-- Opening Marker --

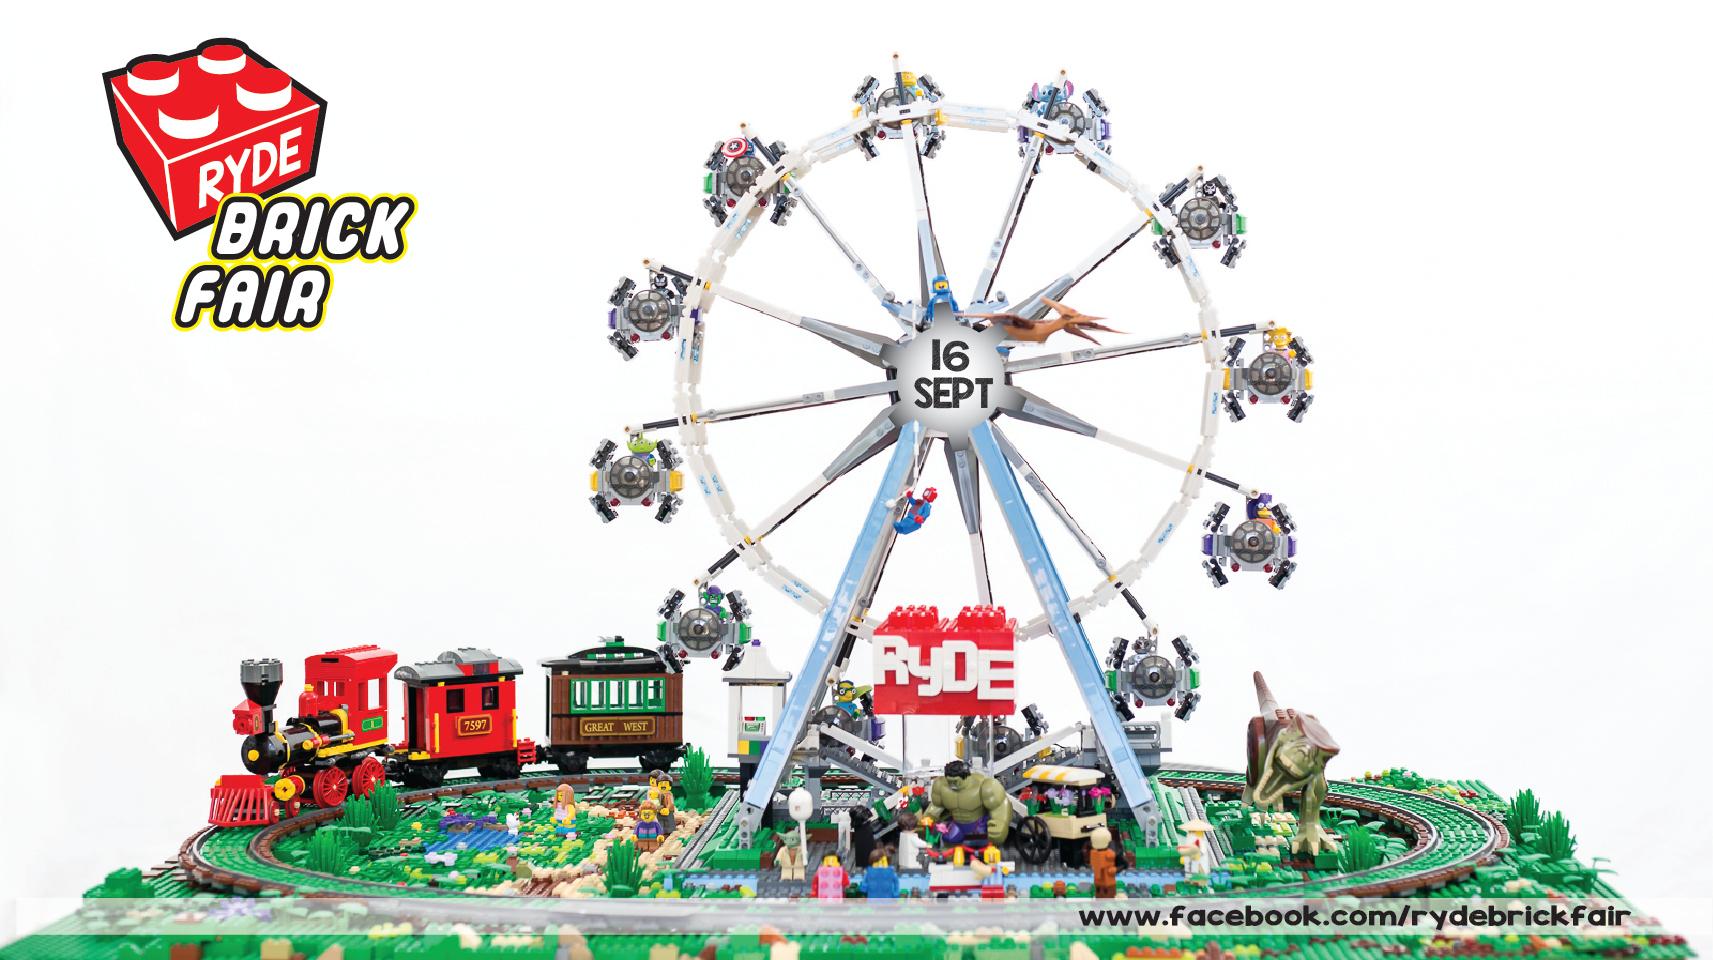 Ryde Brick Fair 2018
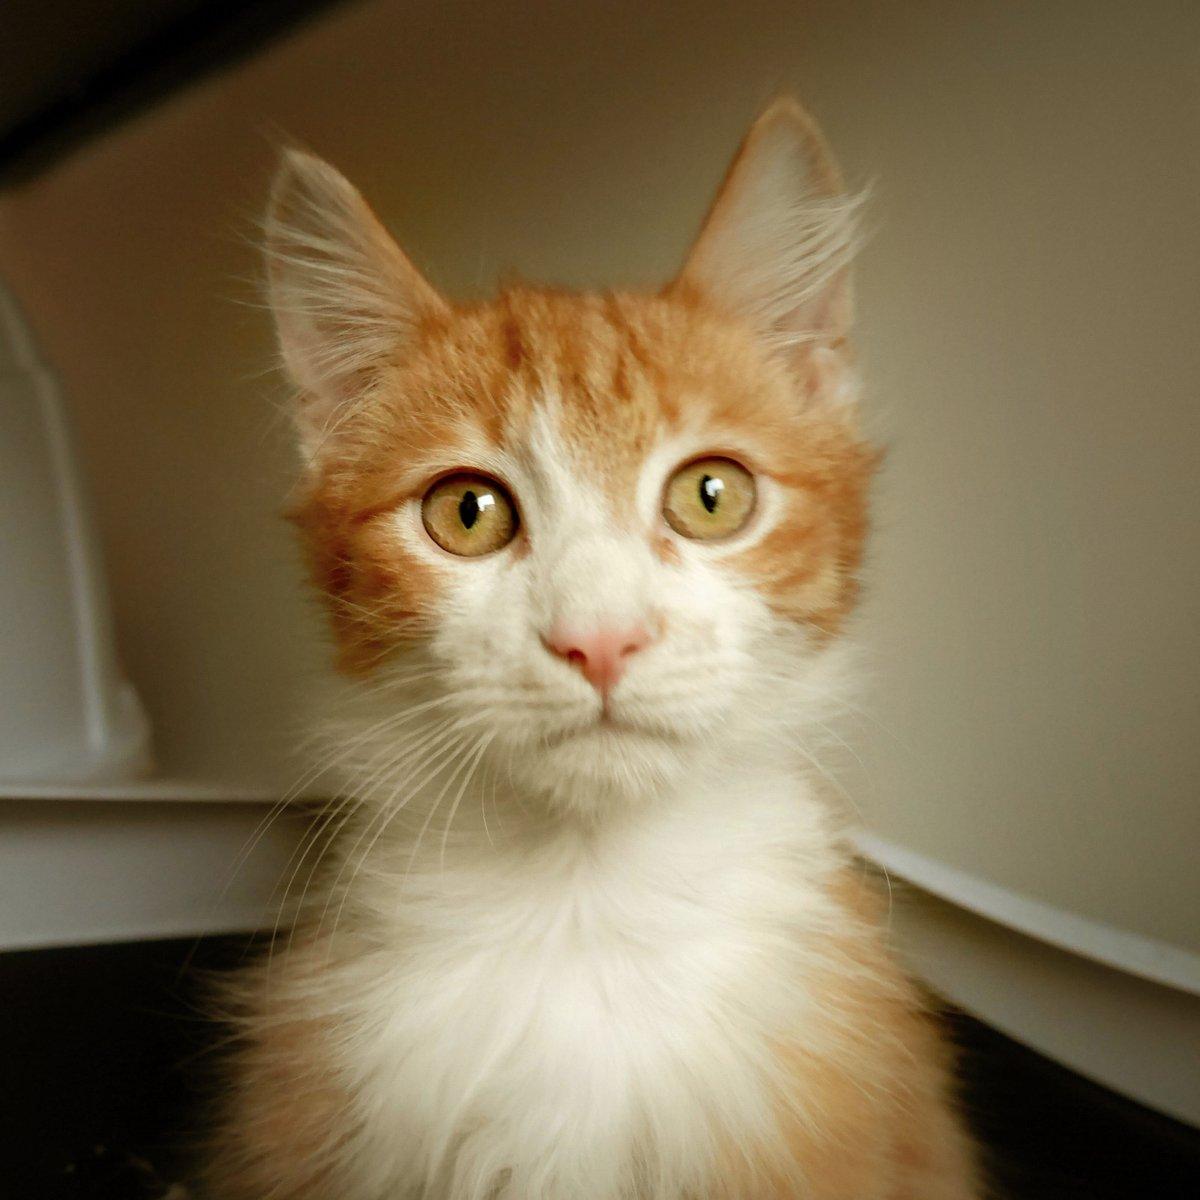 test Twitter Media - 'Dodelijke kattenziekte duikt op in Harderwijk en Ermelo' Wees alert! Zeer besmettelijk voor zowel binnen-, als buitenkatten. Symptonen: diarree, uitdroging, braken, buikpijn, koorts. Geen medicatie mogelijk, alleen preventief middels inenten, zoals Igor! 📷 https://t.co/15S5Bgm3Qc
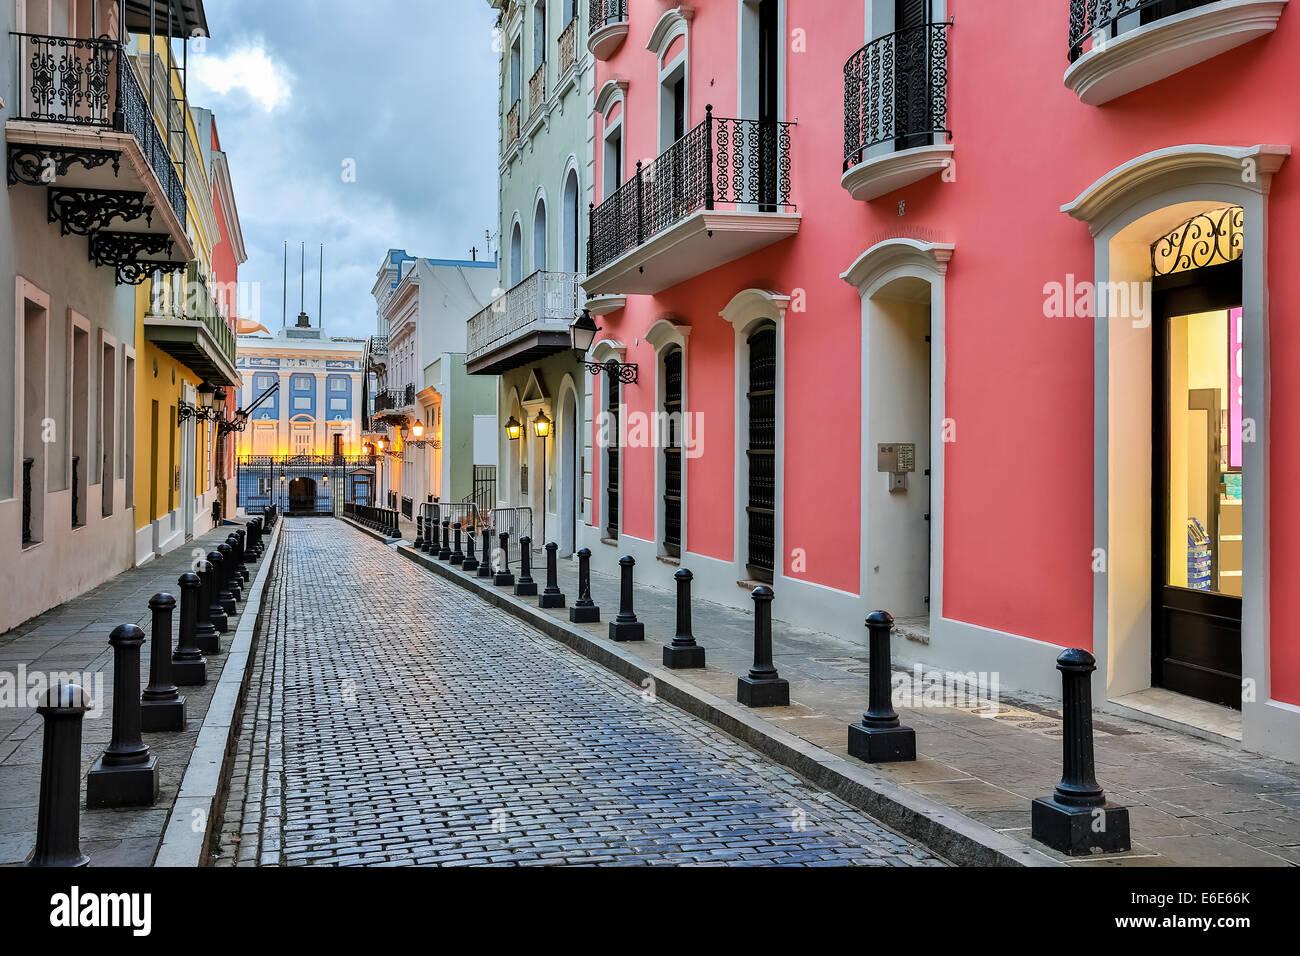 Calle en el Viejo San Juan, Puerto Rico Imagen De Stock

-- Closing Marker --
-- Opening Marker --

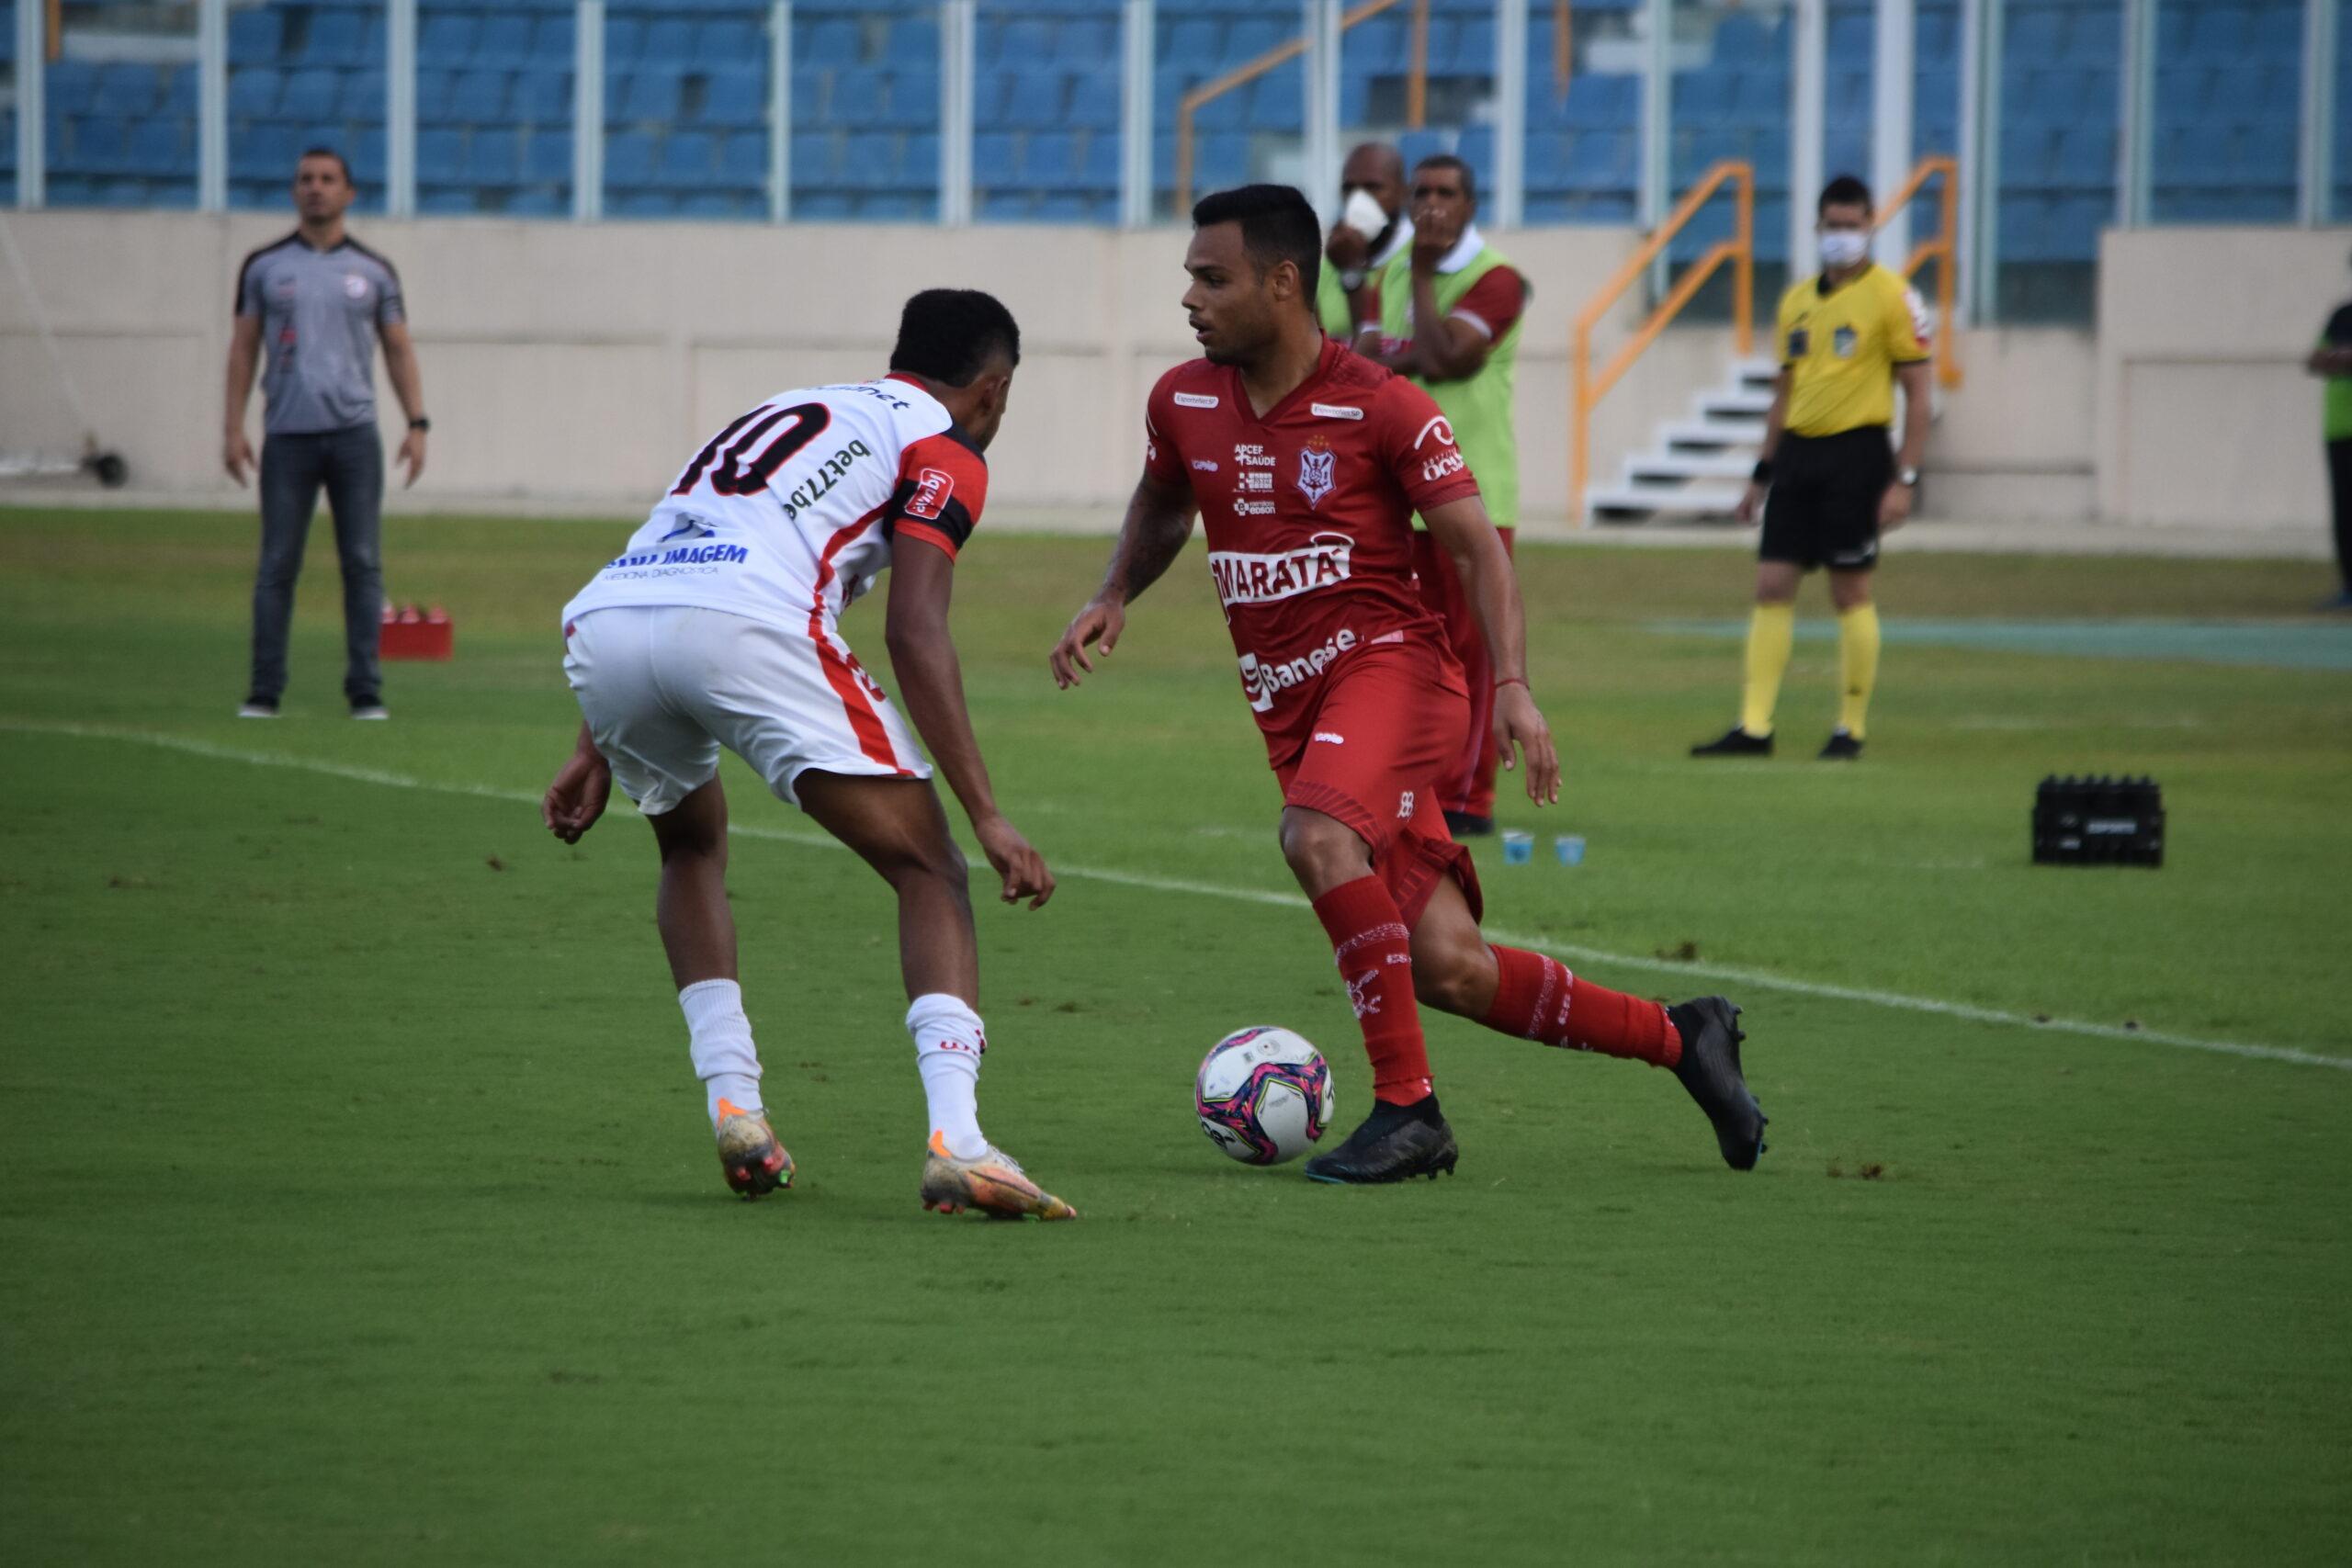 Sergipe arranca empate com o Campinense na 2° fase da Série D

-- Closing Marker --
-- Opening Marker --

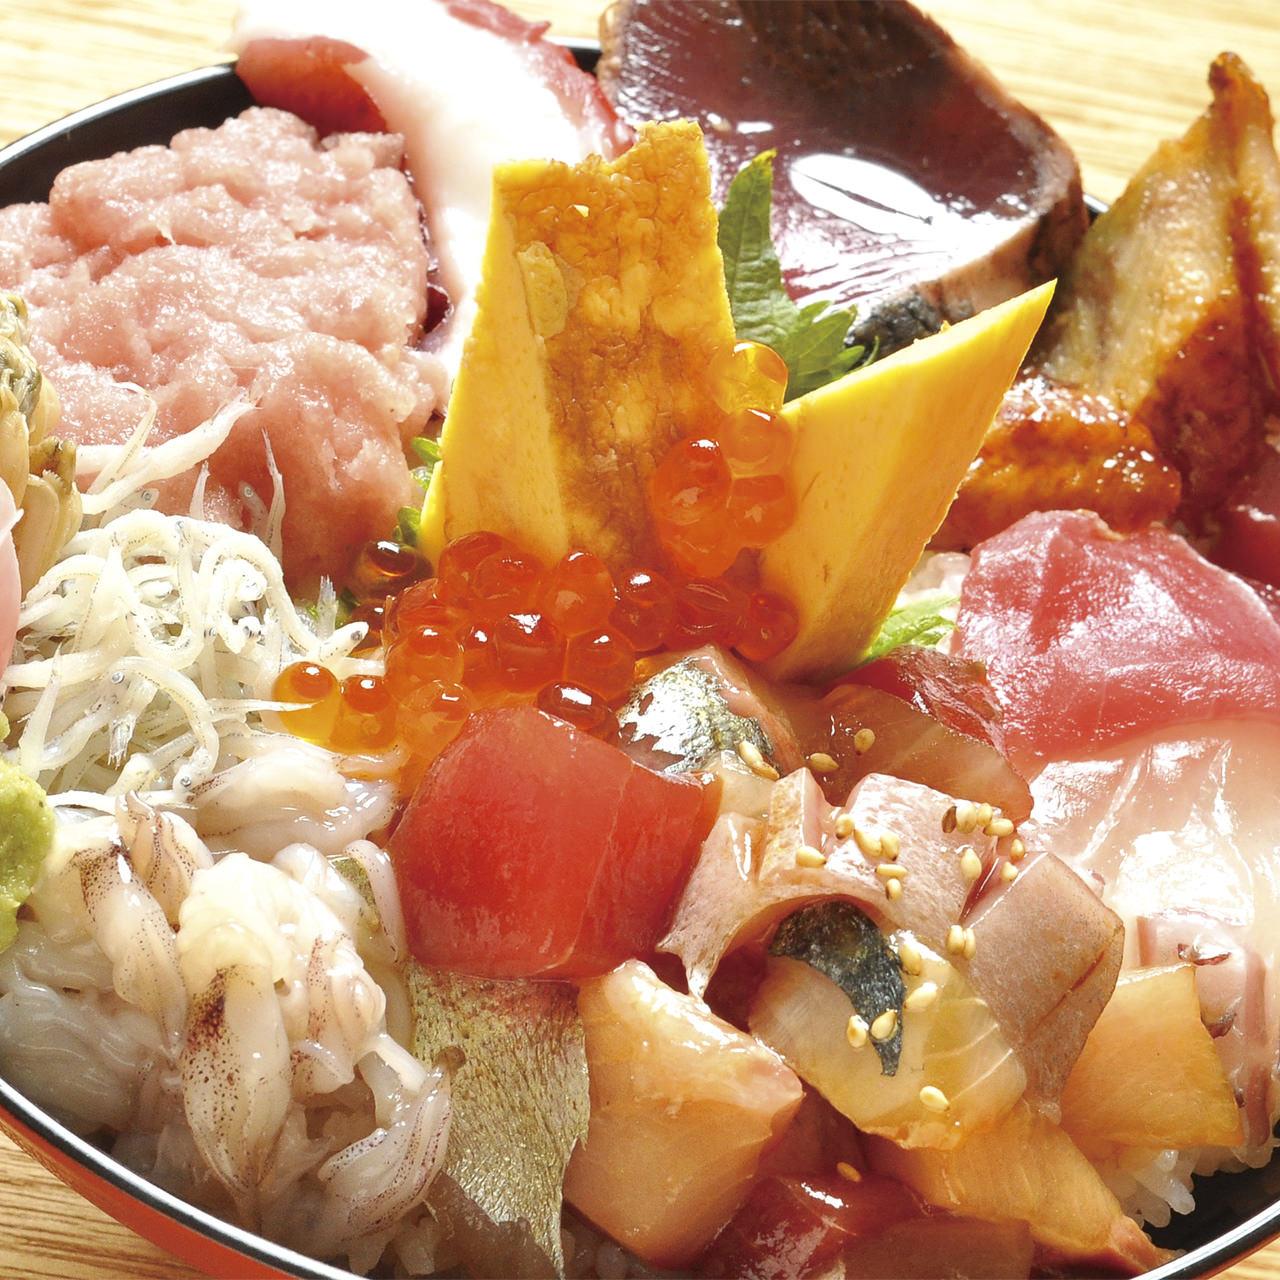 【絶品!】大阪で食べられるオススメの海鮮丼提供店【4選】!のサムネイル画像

-- Closing Marker --

Work to be completed:
Please set down, exactly and with no pictures, the lines in the entries above starting at the one holding "Ryde Brick Fair 2018" and ending at the one holding "Calle en el", ends included.

Final answer:
 Ryde Brick Fair 2018
 test Twitter Media - 'Dodelijke kattenziekte duikt op in Harderwijk en Ermelo' Wees alert! Zeer besmettelijk voor zowel binnen-, als buitenkatten. Symptonen: diarree, uitdroging, braken, buikpijn, koorts. Geen medicatie mogelijk, alleen preventief middels inenten, zoals Igor! 📷 https://t.co/15S5Bgm3Qc
 Calle en el Viejo San Juan, Puerto Rico Imagen De Stock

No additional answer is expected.